Sunday, July 27, 2008

GULP

It has just hit me. That large tyre-iron of responsibility. My ears are ringing and my vision is cloudy. I am starting to believe that I may actually have taken on far too much this term. 2 jobs and Uni via distance education seemed do-able, in theory.
It may end up working itself out. I certainly hope so, but sheesh,-talk about ridiculously busy. Every hour of every day is spoken for. I am waving a teary goodbye to marvellous days in my cottage with bubble-baths, gardening, walking in the mist, listening to lovely music and nesting. Mr (although he isn't aware of this yet) has just waved goodbye to fabulous meals created on such days. Mr will now have to deal with thrown-together affairs at the end of long days that may or may not be edible.
It has also just occurred to me that I haven't left any room in my schedule for shopping. Maybe I'll have to go high-tech and order online...there's a scary thought.
I've also left myself no room for creative pursuits. There is definately no space left for Wilde in the gardens or my touring Shakespeare.
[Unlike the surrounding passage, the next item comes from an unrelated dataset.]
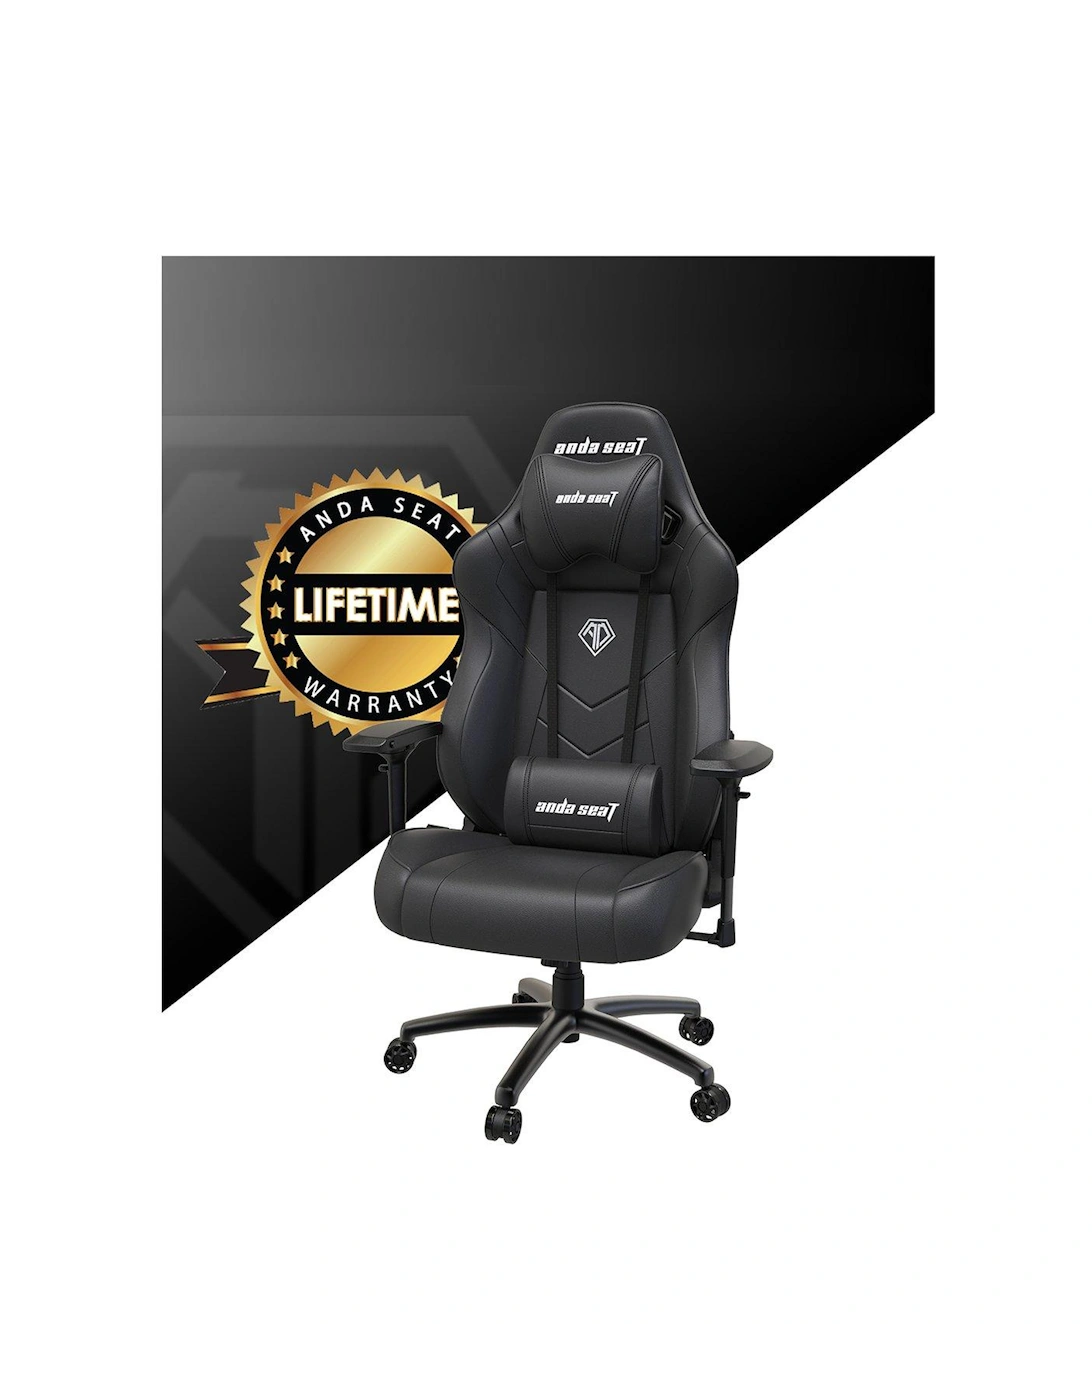 Andaseat Dark Demon Premium Gaming Chair Black, 2 of 1

I had also planned to walk the road of motherhood soon. Can I do all this whilst pregnant? I'm sure I will settle into some kind of routine with it all, but it is rather overwhelming at the moment.
Add to this residential school attendance, sale days and planning school holiday workshops....gah! Would everything be easier if I had a blackberry? Why didn't I just study ONE subject and get a nice sensible 9-5 job?